*Prompt*.
Set down precisely the lines from the line with "Bài tham dự" through the end of the material, inclusive, and no pictures.

*Input data*.
━━━━━━━━

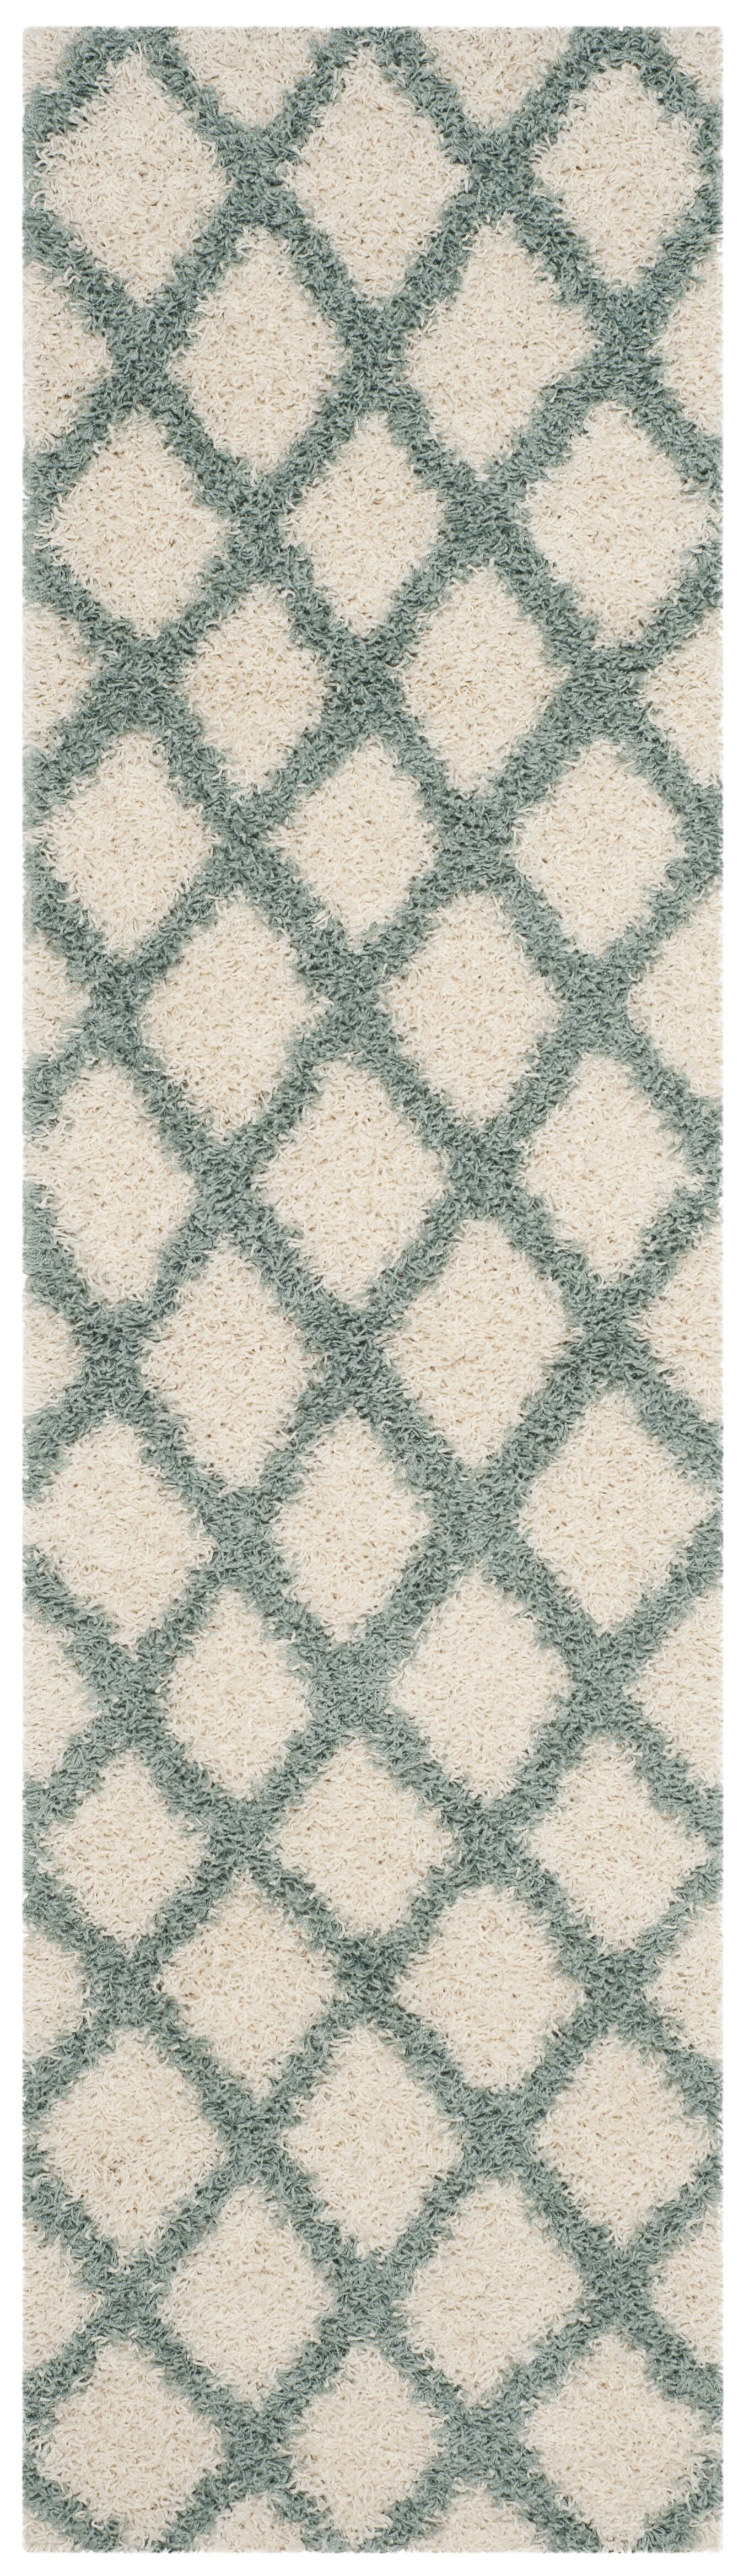 Laurelville Shag Ivory/Seafoam Area Rug Rug Size: 4' x 6'
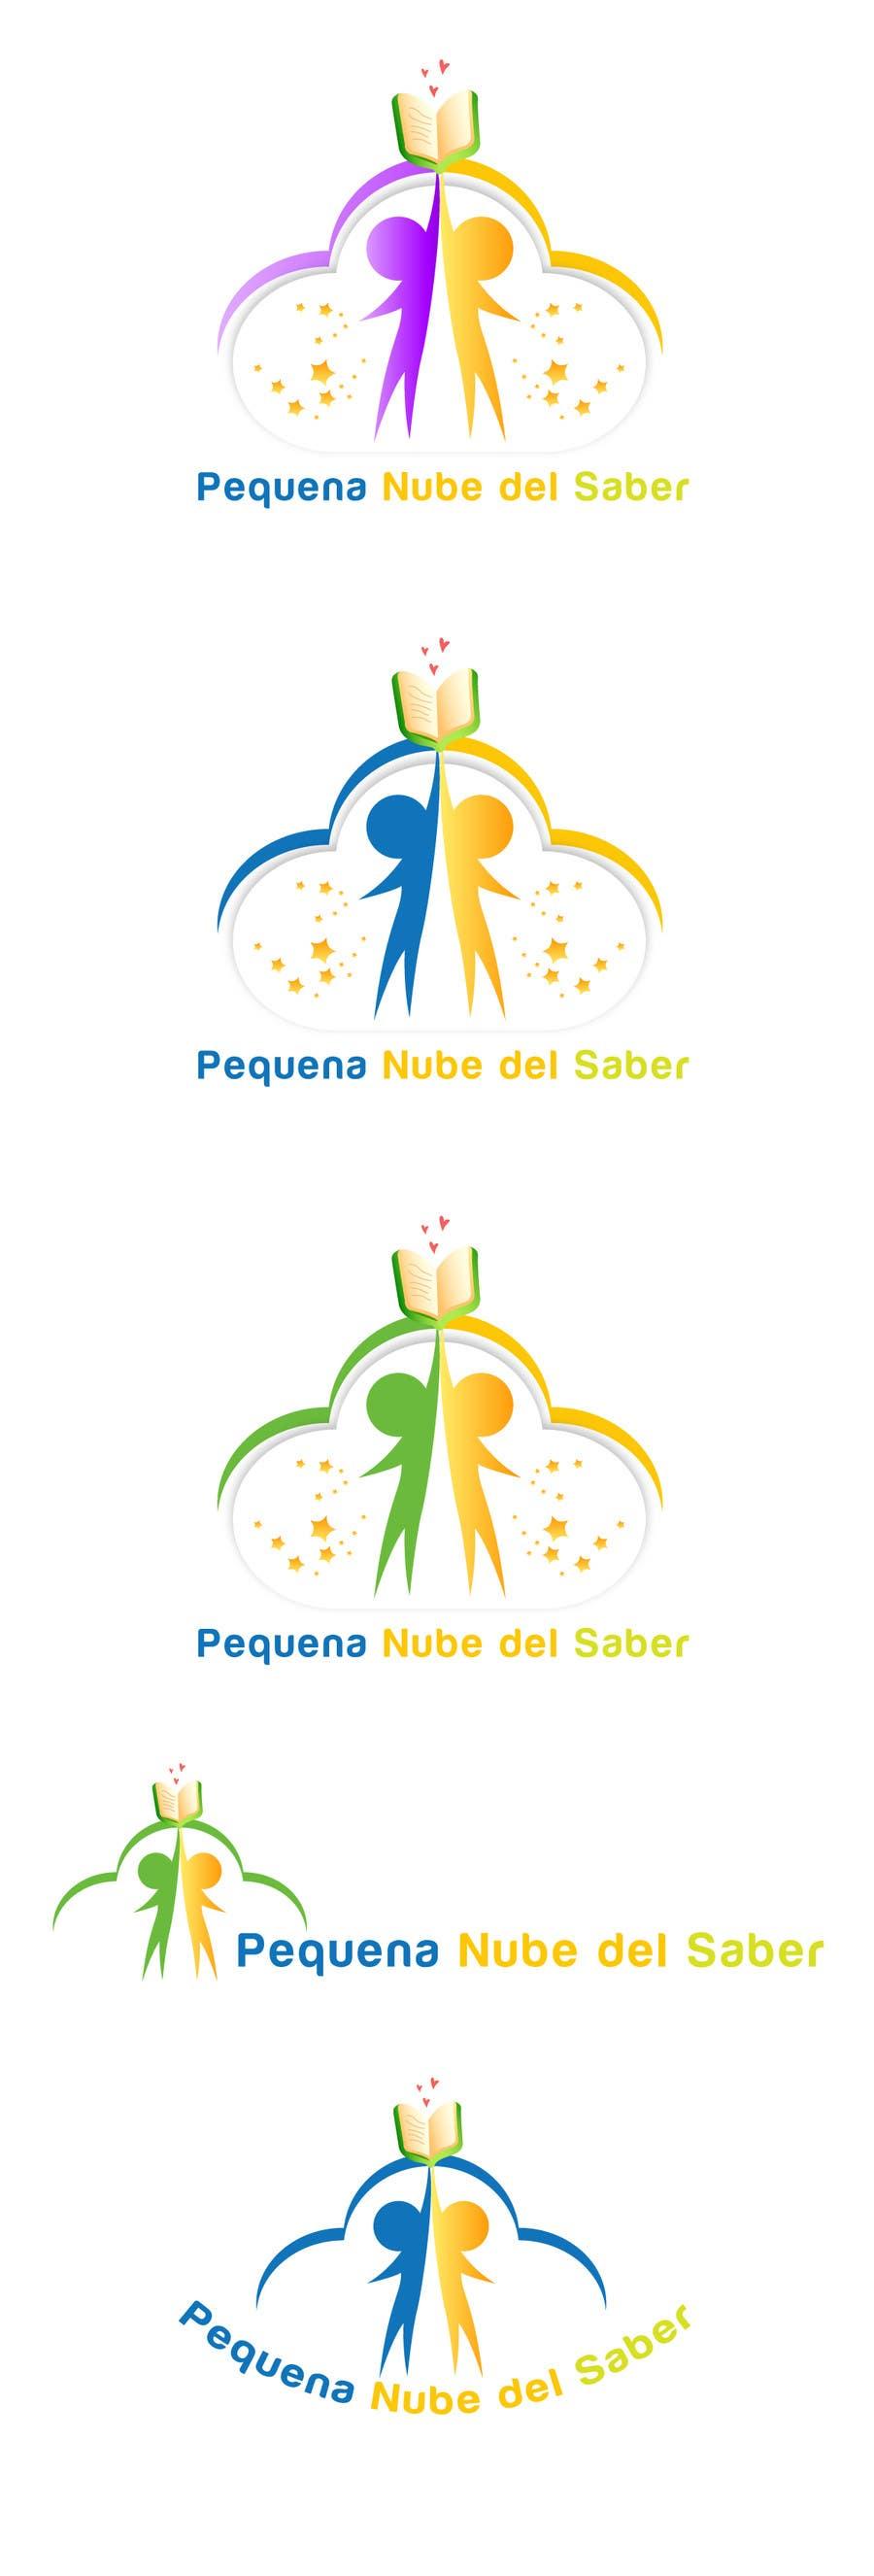 Bài tham dự cuộc thi #116 cho Design a Logo for Little Learning Cloud
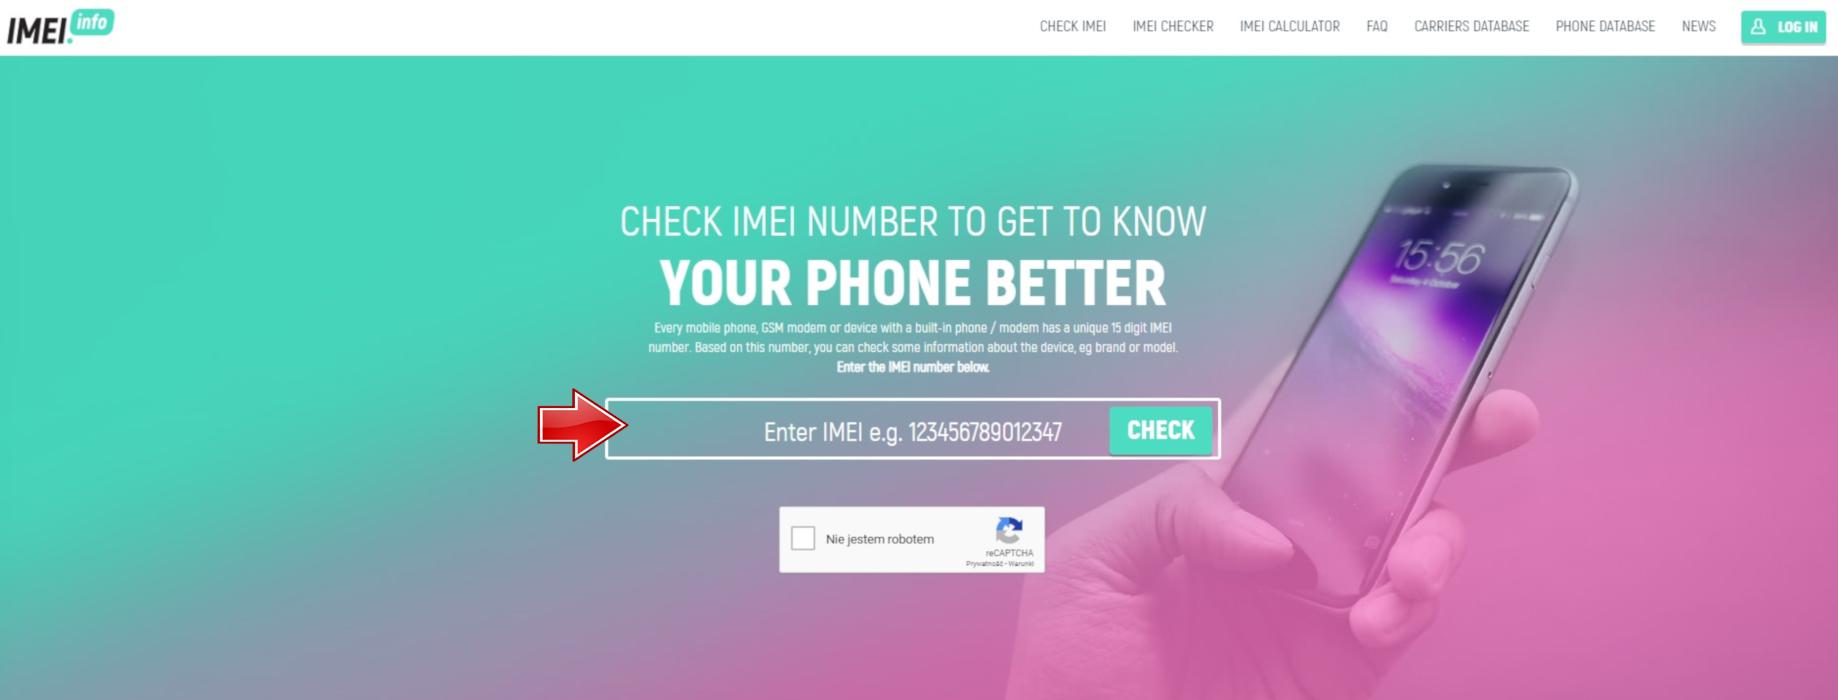 Huawei Warranty & SN Checker - News - IMEI info

━━━━━━━━

*Response to this task*.
 Bài tham dự cuộc thi #116 cho Design a Logo for Little Learning Cloud
 Huawei Warranty & SN Checker - News - IMEI info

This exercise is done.